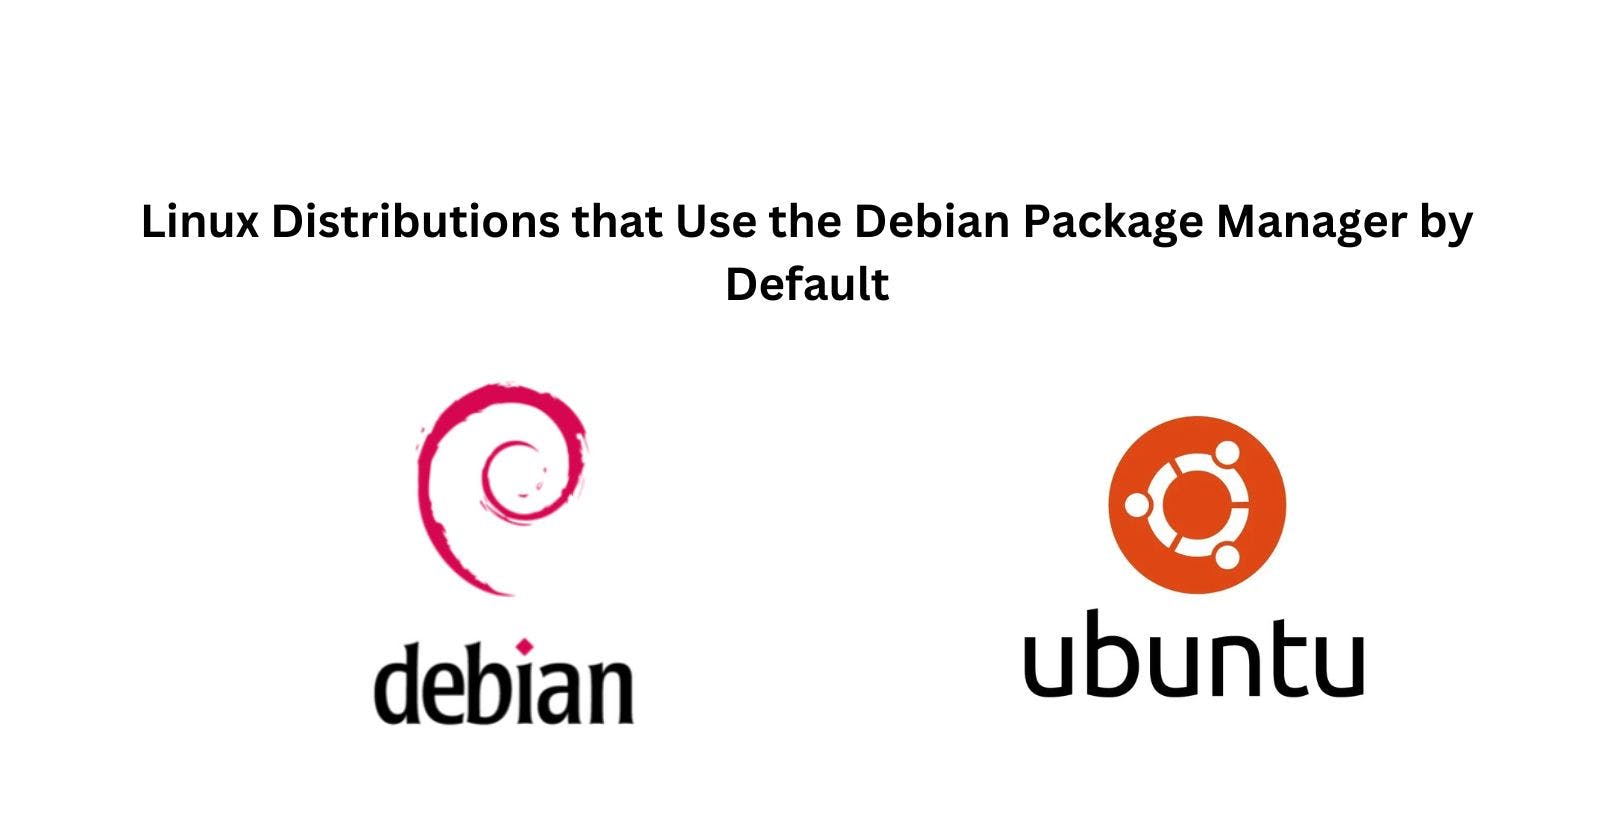 Linux Distributions that Use the Debian Package Manager by Default
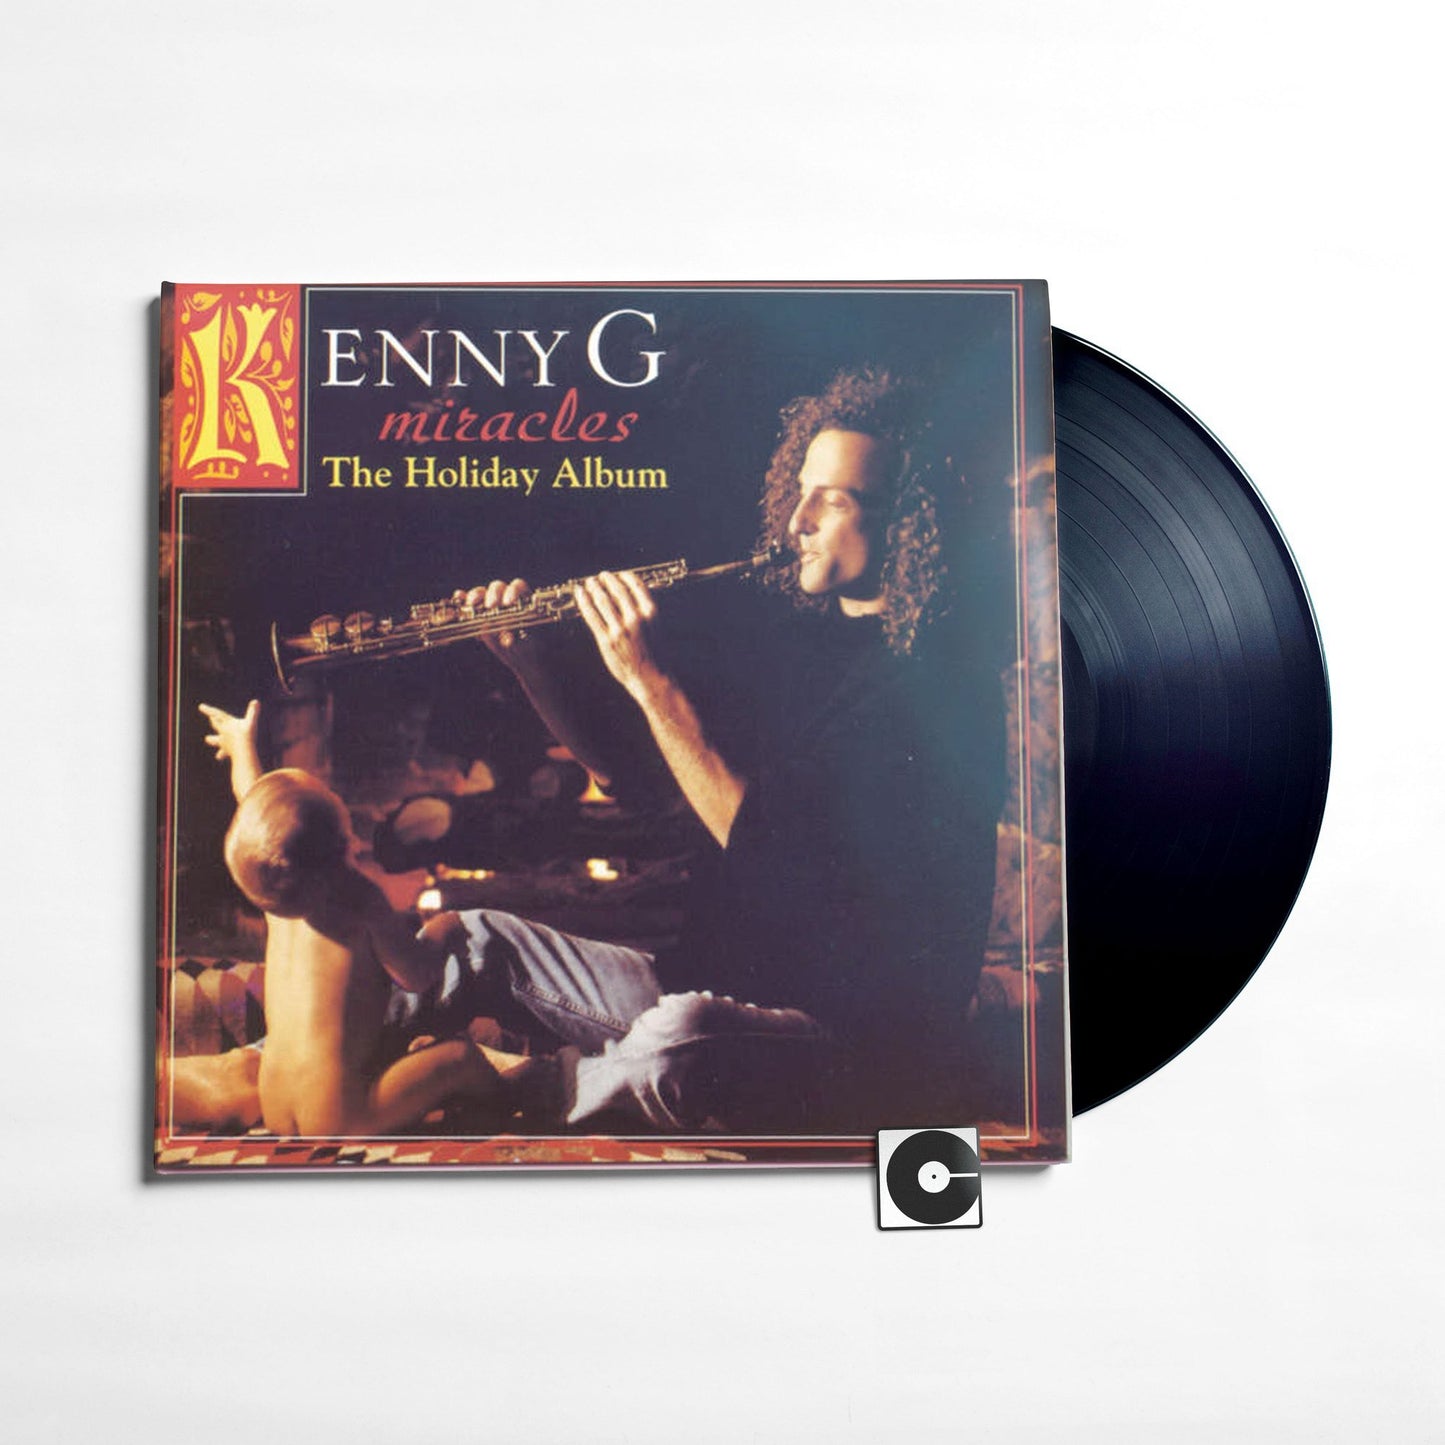 Kenny G - "Miracles: The Holiday Album"
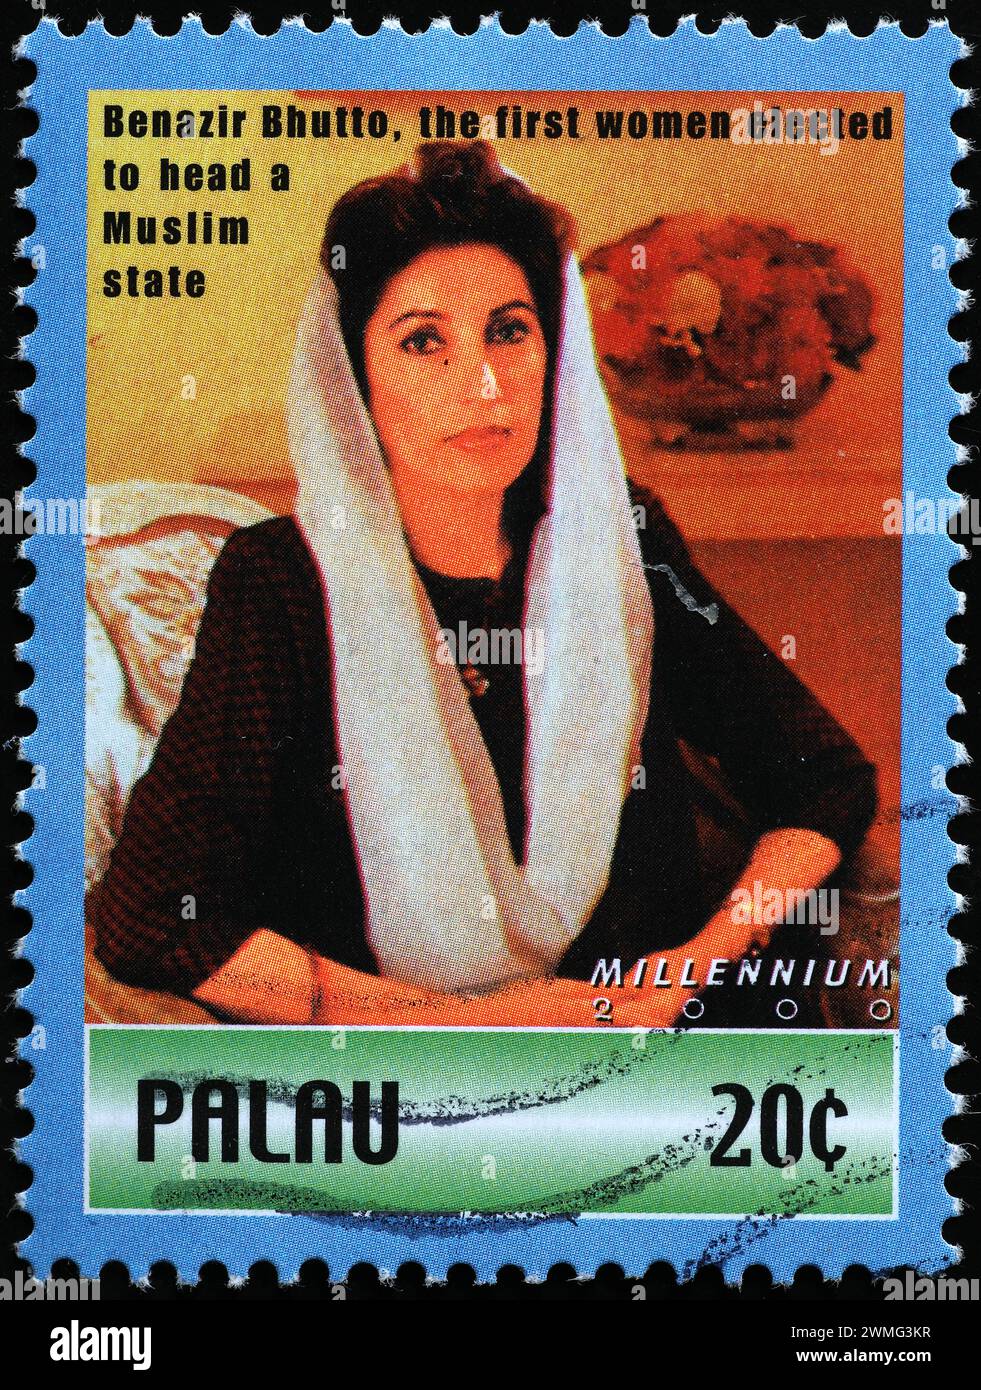 Benazir Bhutto, first woman elected to head a muslim nation on stamp Stock Photo
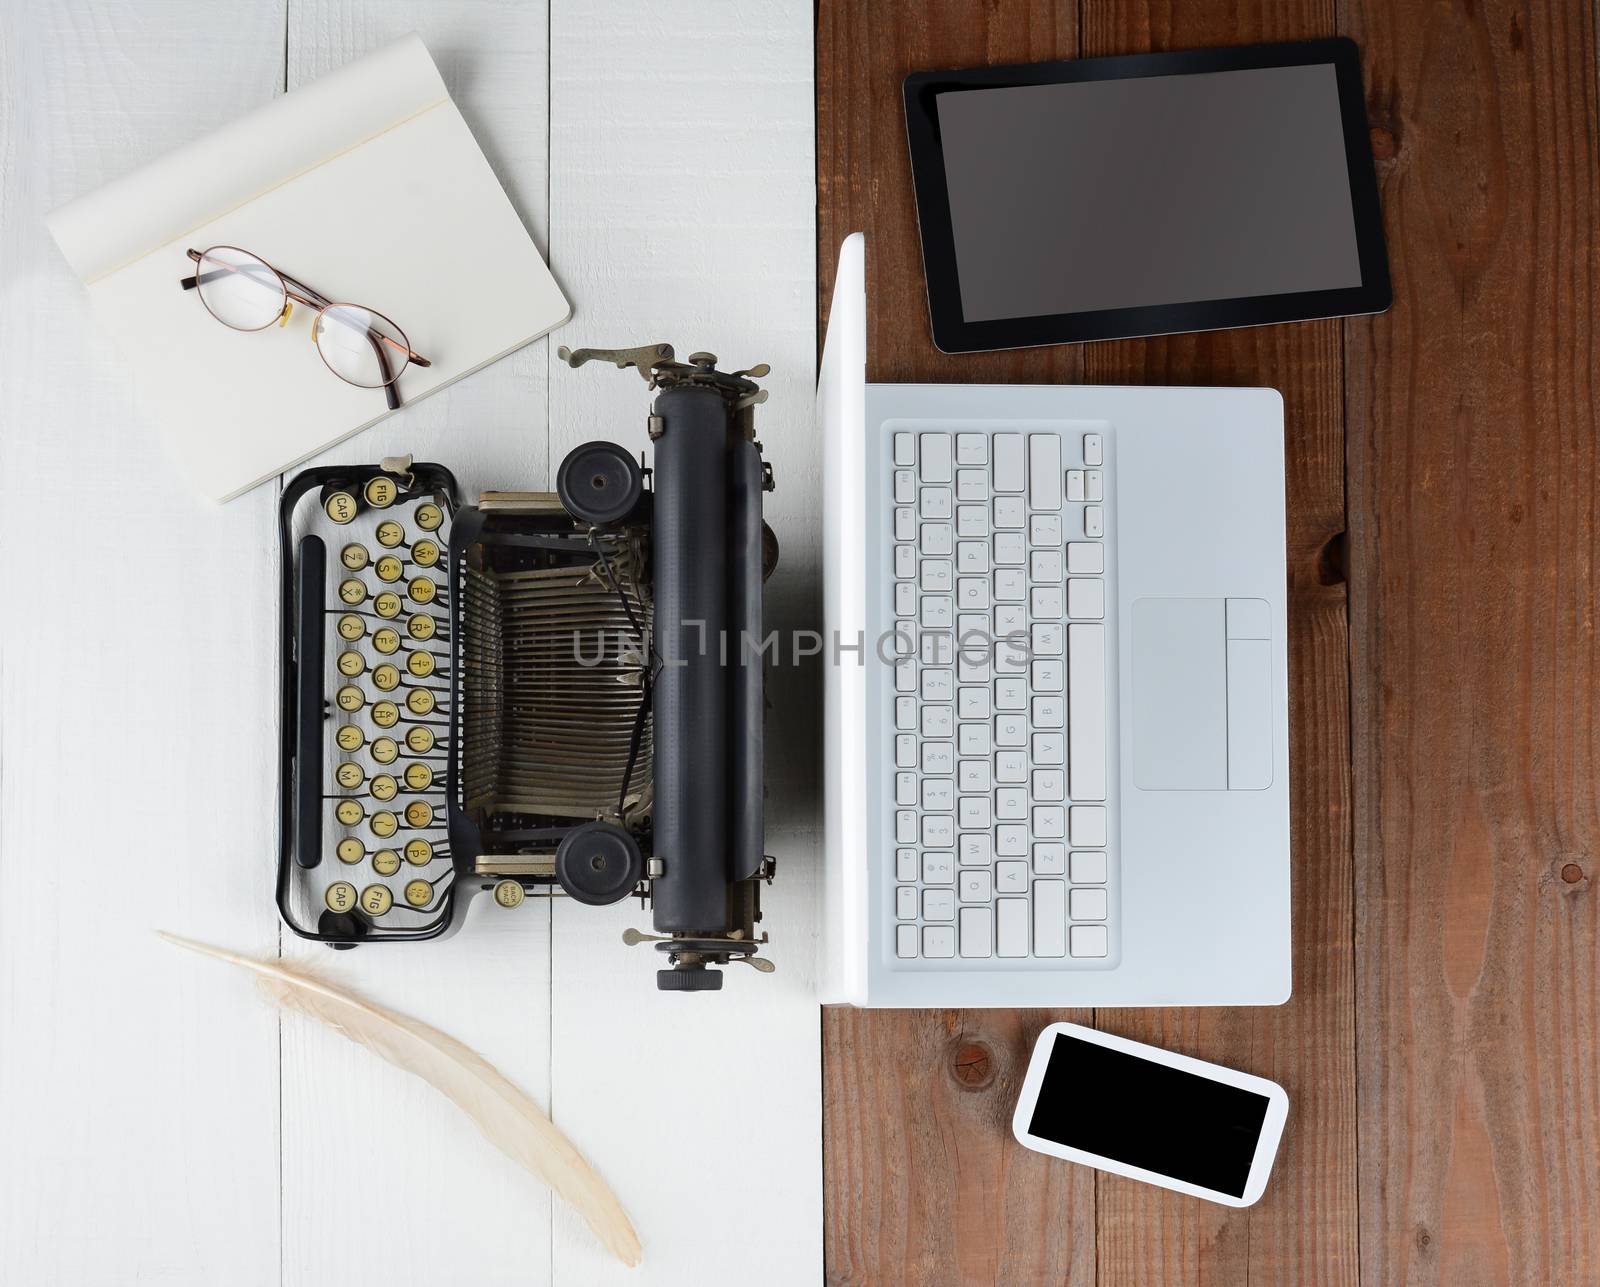 Overhead shot of and old fashioned desk with typewriter and quill pen back-to-back with a modern set up with laptop computer, tablet and cell phone, (Phone and Tablet created in Photoshop - not real)
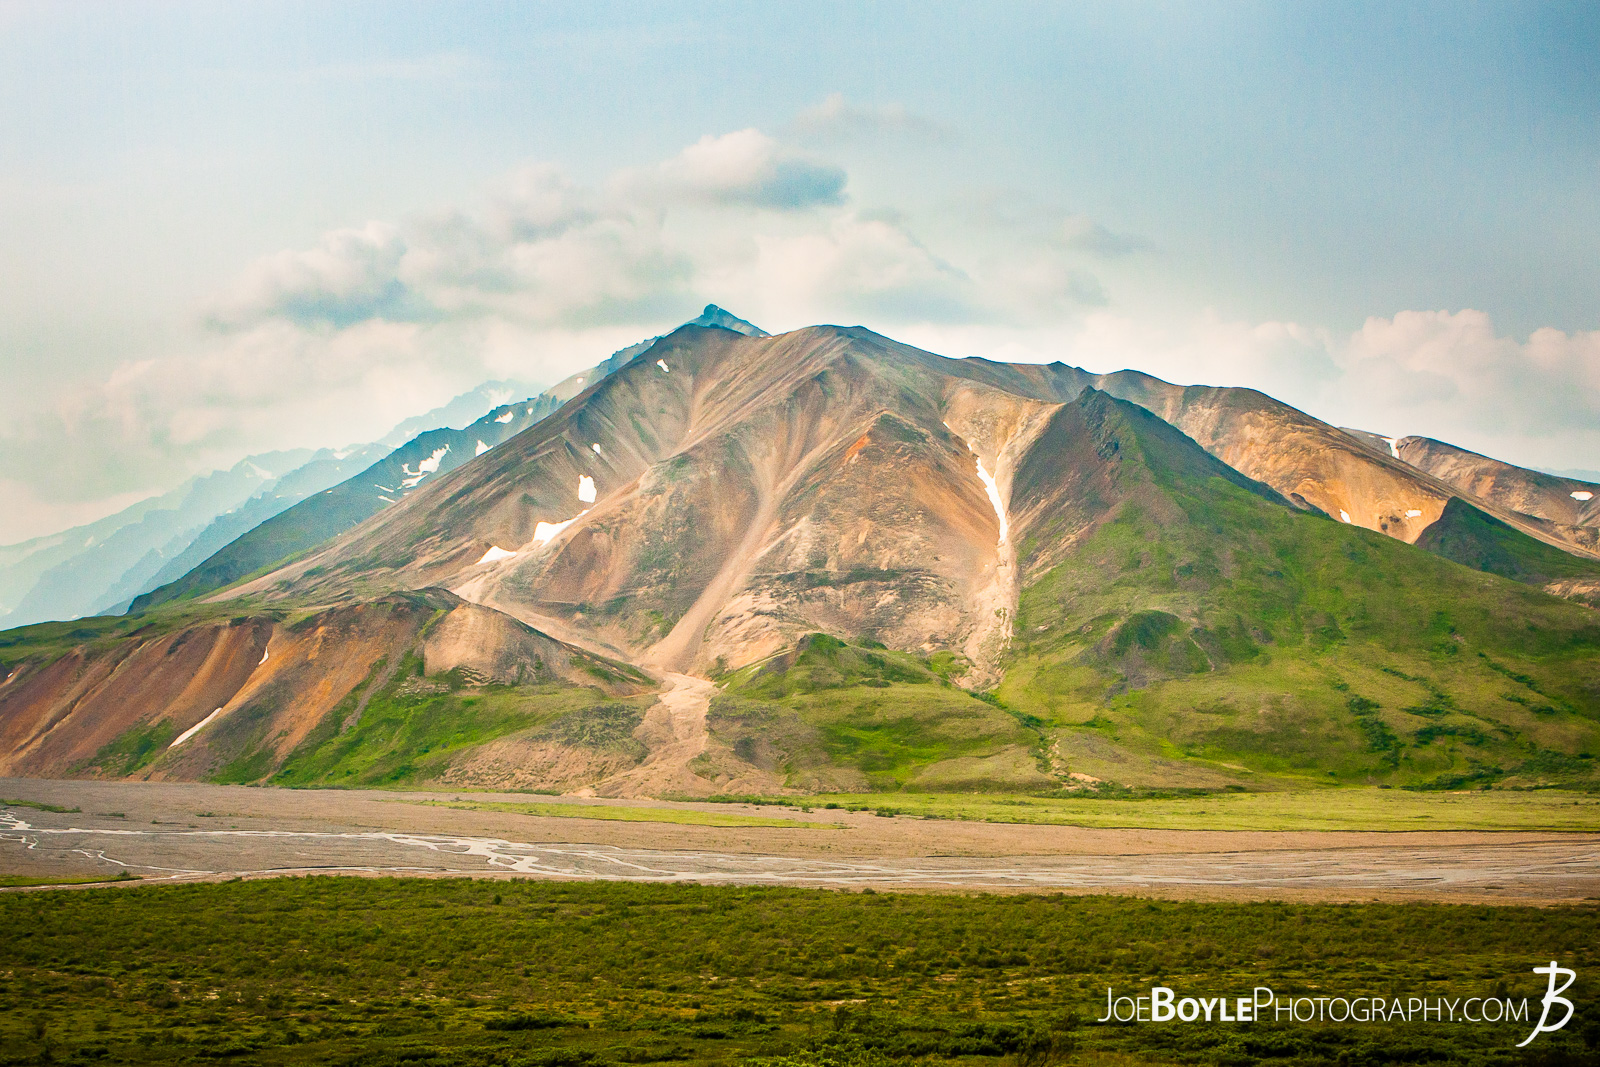  My friend Josh and I spent a considerable time in Alaska (about 3 weeks) and travelled to quite a few different parks in a short span of time. Here is a photo from within grid 6 looking out over grid 7 in Denali National Park. As you can see Alaska has some beautiful mountains and flowing rivers. There was a glacier at the start of the river that we tried to get to but ran out of time! Traversing the Alaska, untrailed, terrain took us much longer than we thought!

WORK TASK:
Produce the lines from the first line of the entries through the line that contains "Benazir Bhutto, first", exactly, leaving the pictures behind.

RESPONSE:
 Linux Distributions that Use the Debian Package Manager by Default
 Kenny G - "Miracles: The Holiday Album"
 Benazir Bhutto, first woman elected to head a muslim nation on stamp Stock Photo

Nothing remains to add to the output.